Increased Roles For Markus Wheaton and Derek Moye Cannot Hurt


Aug 29, 2013; Charlotte, NC, USA; Pittsburgh Steelers wide receiver Markus Wheaton (11) runs after making a catch against the Carolina Panthers during the second quarter at Bank of America Stadium. Mandatory Credit: Jeremy Brevard-USA TODAY Sports

I asked myself the following questions after I finished watching Monday night’s 20-10 “egg laying” by the Steelers at Paul Brown Stadium:

  • Why is David Paulson, a tight end who cannot block, stretch the field vertically, or contribute much as a pass receiver in general, taking up space as Pittsburgh’s starter during the first two weeks of the regular season?
  • Are H-backs/fullbacks Will Johnson and David Johnson going to strike fear into opponents when the Steelers go to the air?
  • While Kelvin Beachum offers some help as a pass-protector at tight end, doesn’t his presence in the lineup all but negate a potential receiving option for Ben Roethlisberger to find in the passing game?

Why did I ask myself these questions?  Because I could not understand why backup wide receivers Markus Wheaton and Derek Moye rode the pine for so much of Pittsburgh’s first two regular season games.

Thankfully, head coach Mike Tomlin alluded to the possibility that Wheaton could probably receive more work during the coming weeks, and one has to wonder why it took so long for the coaching staff to turn to the talented rookie pass-catcher.

The former Oregon State Beaver performed extremely well during preseason play (nine catches, 139 yards, one touchdown), and his skill-set drew praise from many of his veteran teammates like Ike Taylor.

Despite the fact that Wheaton can stretch the field vertically and horizontally, offensive coordinator Todd Haley appeared more content to use his backup tight ends and fullbacks along with his the top three receivers instead of the rookie pass-catcher during the first two games.  With Wheaton in the lineup however, Antonio Brown, Emmanuel Sanders, and Jerricho Cotchery will all have more room to make plays underneath.

Like Wheaton, Moye transferred his solid play during the preseason (10 catches, 149 yards, one touchdown) into a spot on Pittsburgh’s 53-man roster.  Although he did not have any regular season experience under his belt, Moye nevertheless found a bit of a “niche” on Monday night against the Bengals.

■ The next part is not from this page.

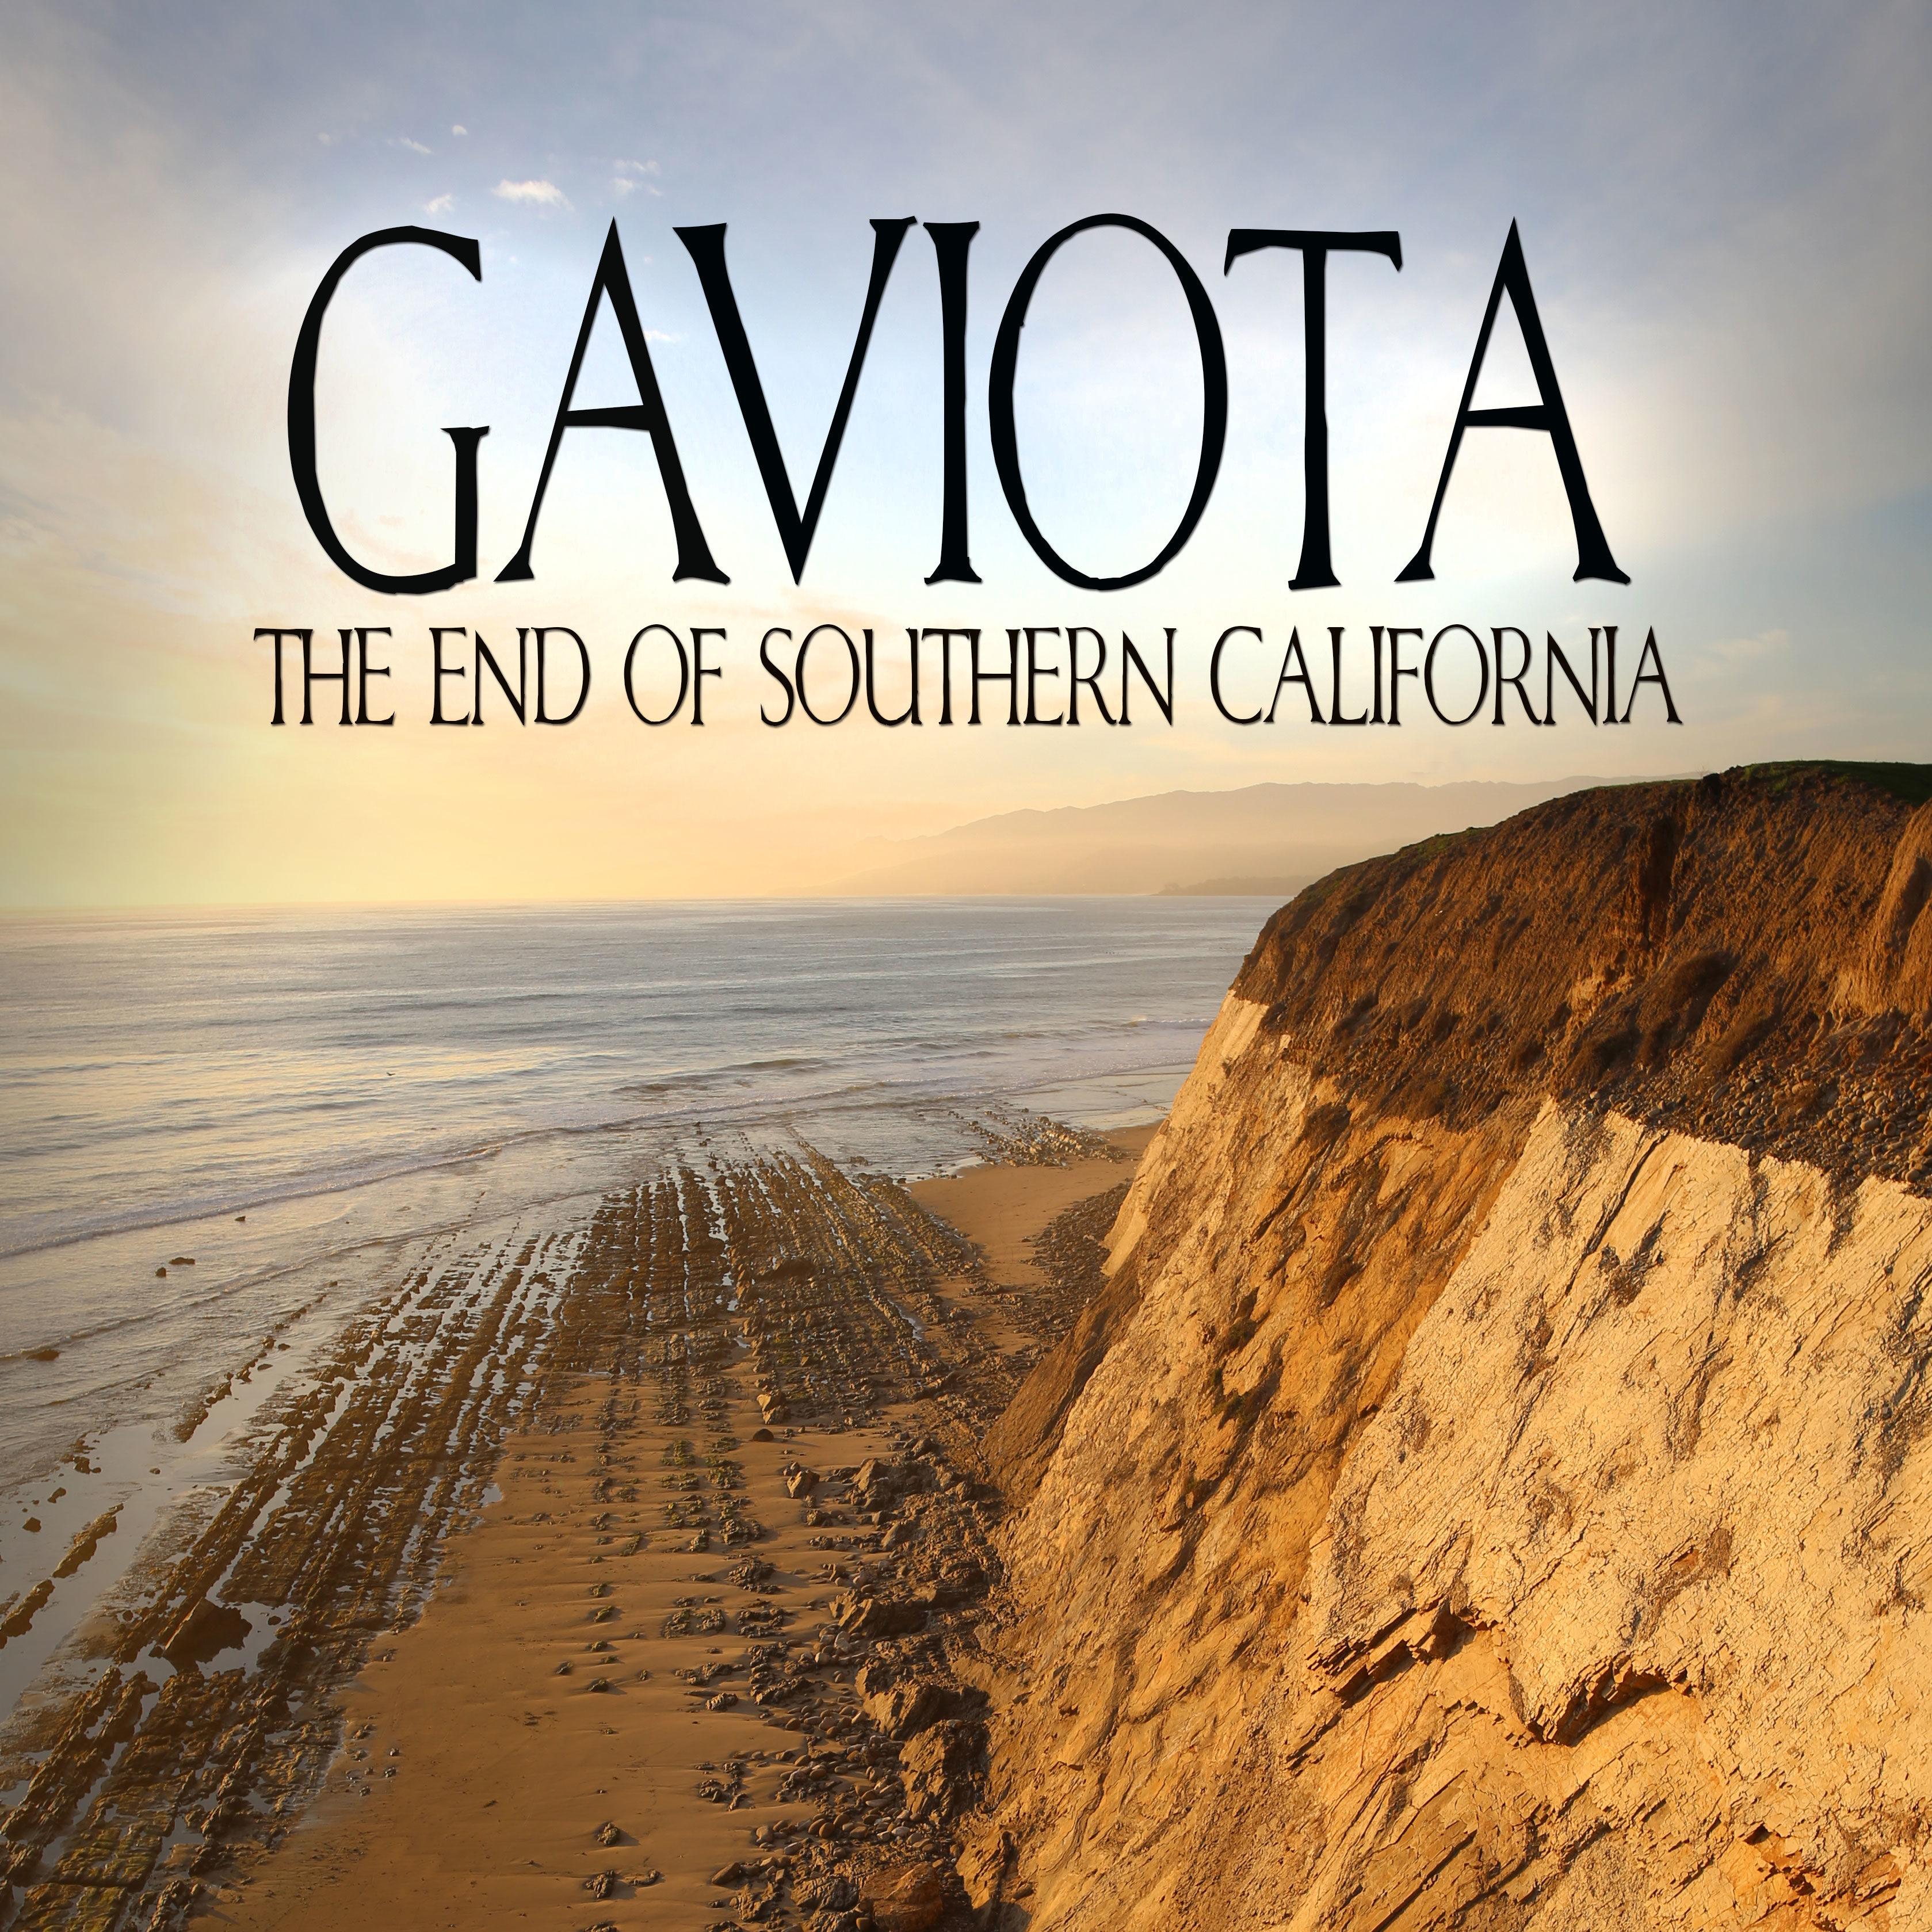 Gaviota Poster CROP E1494195054343

Moye out-muscled and out-jumped Leon Hall for the touchdown grab, and his large frame (6’5″ 210 lbs.) and speed definitely make him more of an asset in the red zone passing game than Paulson and “The Johnsons” and whatever they can bring to the table.  While the former Penn State Nittany Lion cannot stretch the field as well as Wheaton, he still has the tools to create more positive plays in the passing game than any of Pittsburgh’s healthy tight ends and H-Backs/fullbacks.

Final Thoughts

I am not advocating that the Steelers need to run four and five wide receiver sets on every single play for the rest of the season.  I simply believe that is in this team’s best interests to tailor their offensive scheme towards its most athletic play-makers until Heath Miller and Le’Veon Bell can return to the lineup to provide at least the semblance of balance.

How much Wheaton and Moye can improve the offense’s productivity is certainly up for debate.  What is not however is that both are far and away more athletic and play-making options than the backup tight ends and H-backs/fullbacks they will replace in the present.